А вот и еще намек, хотя из другой области, но тоже дающий меру тех крайностей, до которых способен был Достоевский доходить не только в воображении, но и в действительности. «Голубчик, Аполлон Николаевич, – пишет он Майкову в 1867 году из-за границы, – я чувствую, что могу Вас считать как моего судью. Вы человек с сердцем… Мне перед Вами покаяться не больно. Но пишу только для Вас, одного. Не отдавайте меня на суд людской! Проезжая недалеко от Бадена, я вздумал туда завернуть. Соблазнительная мысль меня мучила: пожертвовать 10 луидоров и, может быть, выиграю хоть 2000 франков лишних… Гаже всего, что мне и прежде случалось иногда выигрывать. А хуже всего, что натура моя подлая и слишком страстная… Бес тотчас же сыграл со мной шутку: я, дня в три, выиграл 4000 франков, с необыкновенною легкостью… Главное, – сама игра. Знаете ли, как это втягивает. Нет, клянусь Вам, что тут не одна корысть… Я рискнул дальше и проиграл. Стал свои последние проигрывать, раздражаясь до лихорадки, – проиграл. Стал закладывать платье. Анна Григорьевна все свое заложила, последние вещицы (что за ангел! как утешала она меня…)». Следуют мольбы о деньгах, кажущиеся унизительными, даже если принять в расчет всю дружескую близость Достоевского с Майковым: «Я знаю, Аполлон Николаевич, что у Вас у самих денег лишних нет. Никогда бы я не обратился к Вам с просьбою о помощи. Но ведь я утопаю, утонул совершенно.

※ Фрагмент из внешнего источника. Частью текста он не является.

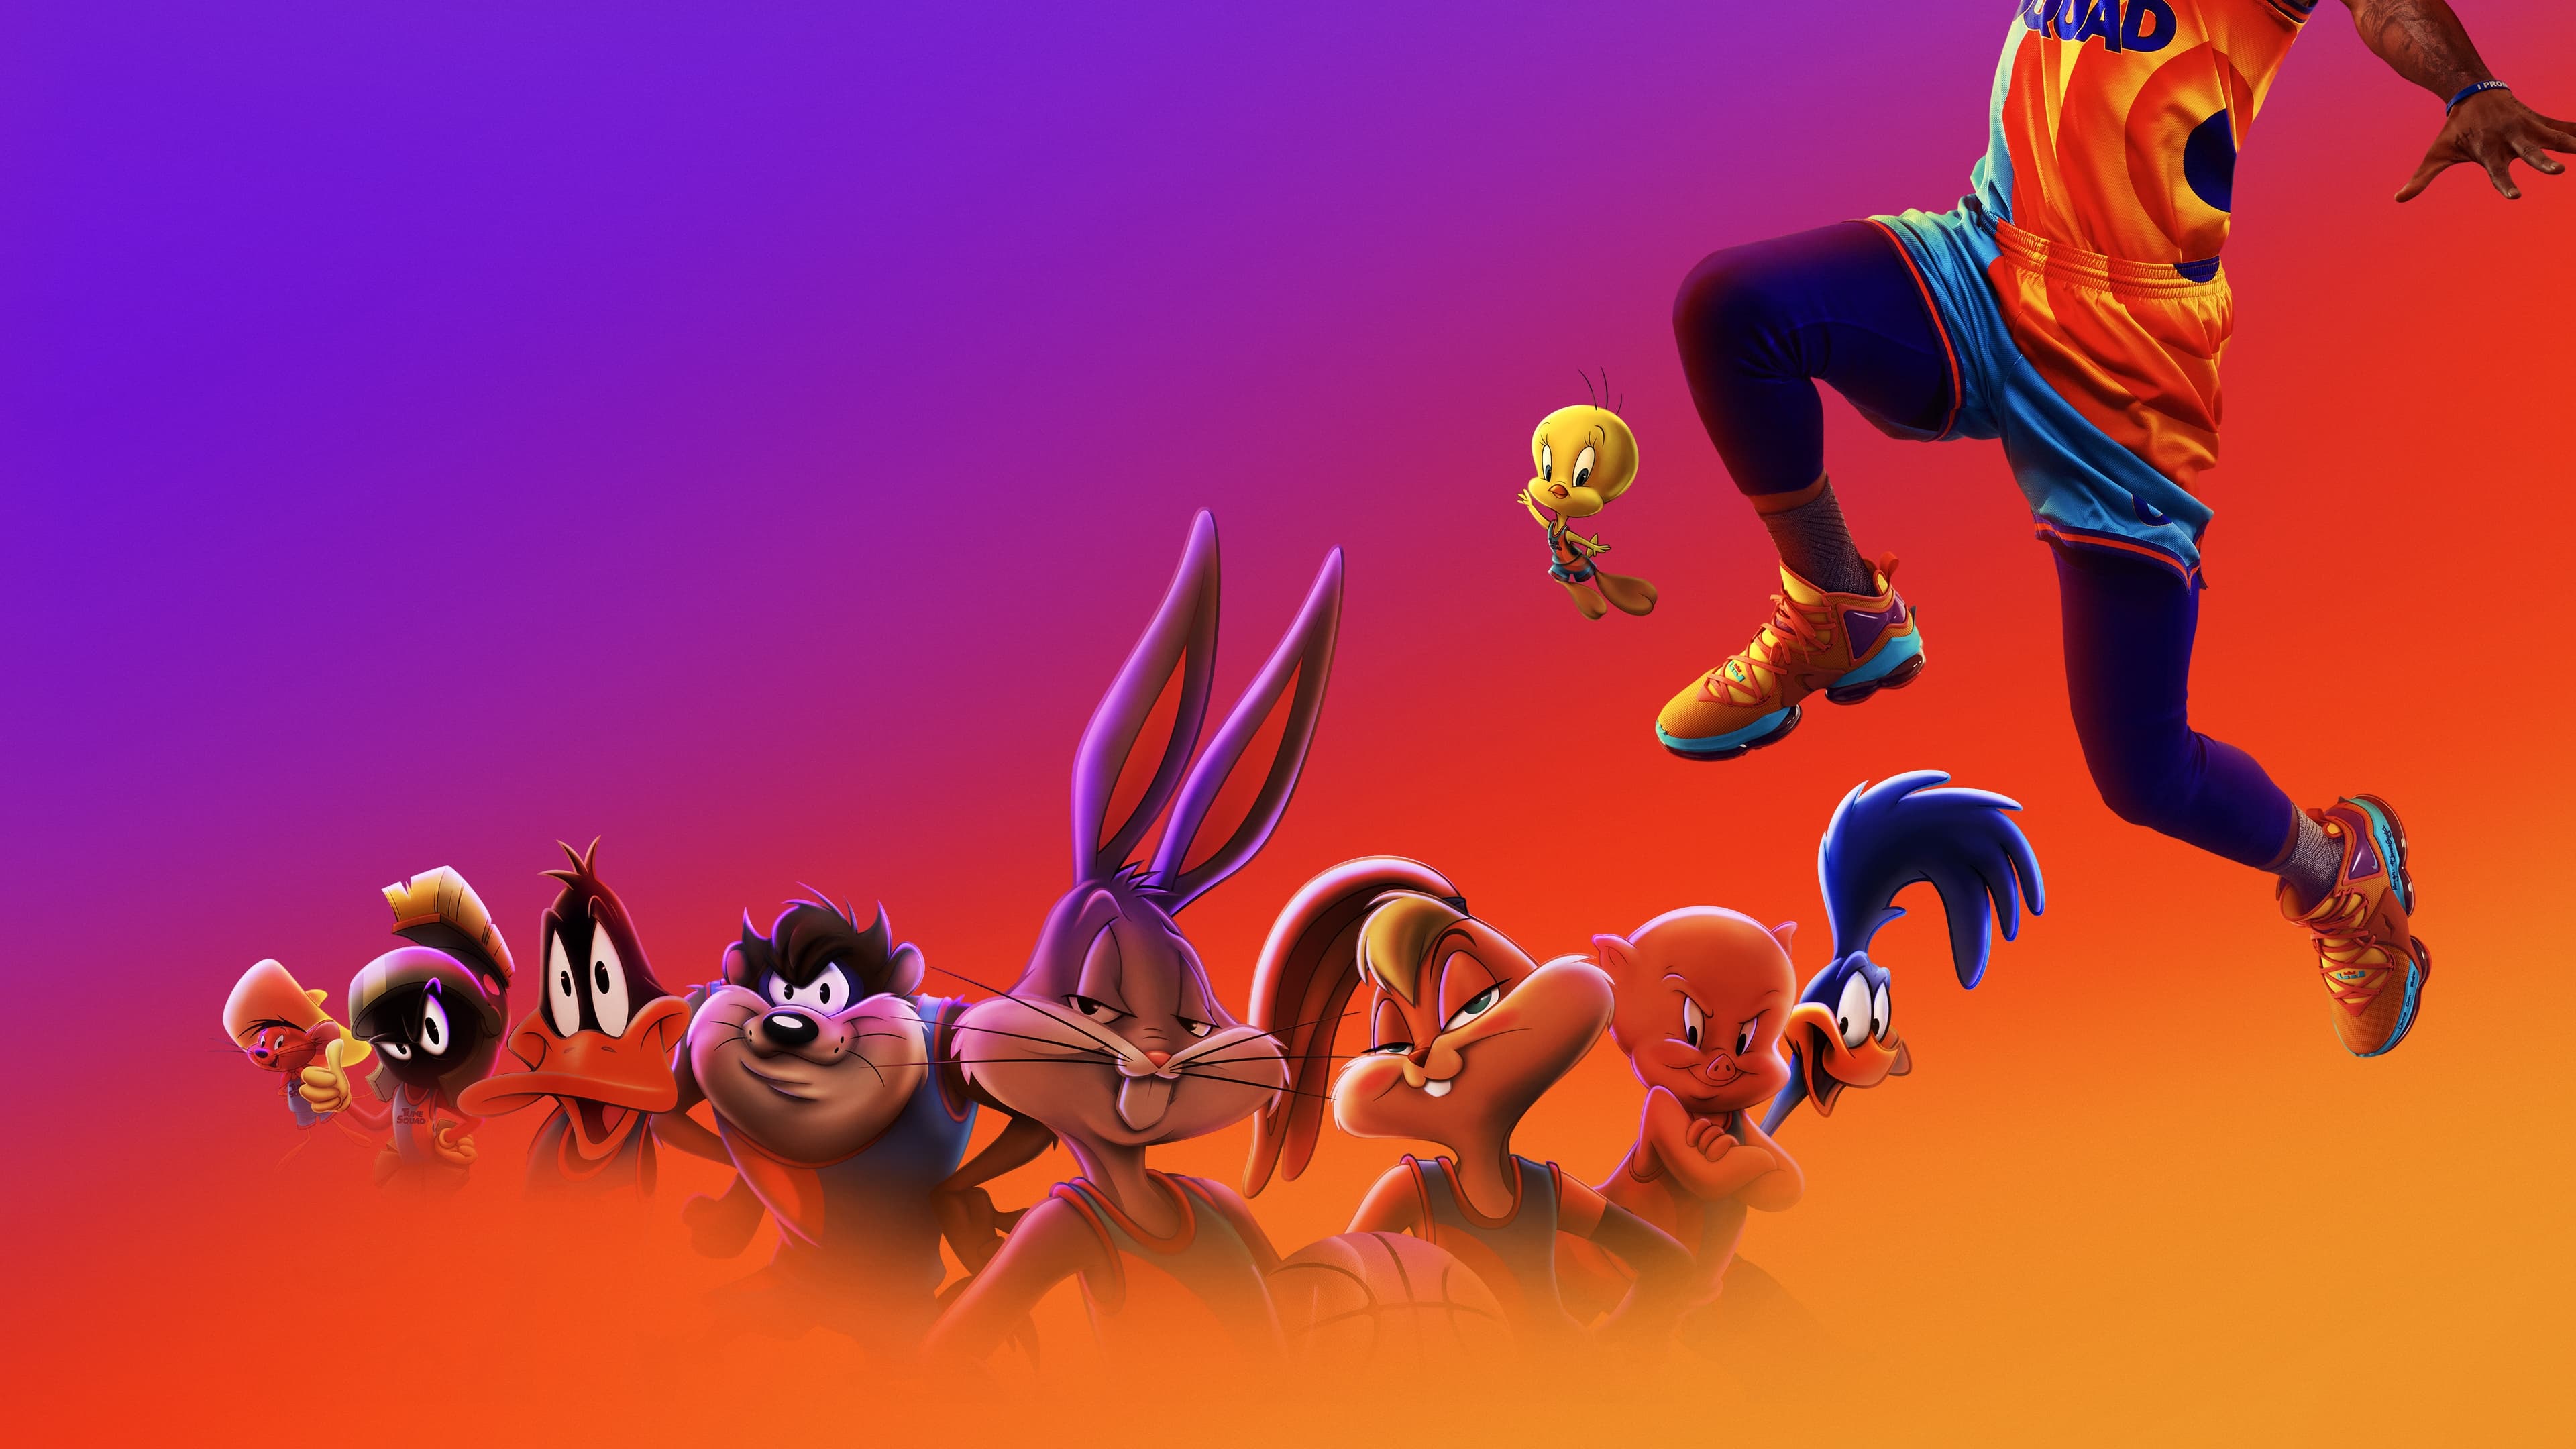 Space Jam 2 Wallpapers

Через две-три недели я совершенно без копейки, а утопающий протягивает руку, уже не спрашиваясь рассудка… Кроме Вас, – никого не имею, и если Вы не поможете, то я погибну, вполне погибну!.. Голубчик, спасите меня! Заслужу Вам вовеки дружбой и привязанностью. Если у Вас нет, займите у кого-нибудь для меня. Простите, что так пишу… Не оставляйте меня одного! Бог вознаградит Вас за это. Оросите каплей воды душу, иссохшую в пустыне! Ради Бога!» Замечательна в этих последних выражениях о «капле воды» и «душе, иссохшей в пустыне» униженная витиеватость речи, та самая, с которой у него в романах описывают свою бедность комические лица, потерявшие чувство собственного достоинства, вроде «пьяненького» Мармеладова и проходимца капитана Лебядкина. Видимо, Достоевский сам не помнит, что говорит, не владеет собою: ему все равно, что Майков о нем подумает; он зарвался; он в лихорадке, почти в истерике; он все еще как пьяный от сладострастья игры. И чувствуется, что если бы там, в Бадене, получил он деньги, которые просит, то снова не удержался бы и проиграл бы их тотчас.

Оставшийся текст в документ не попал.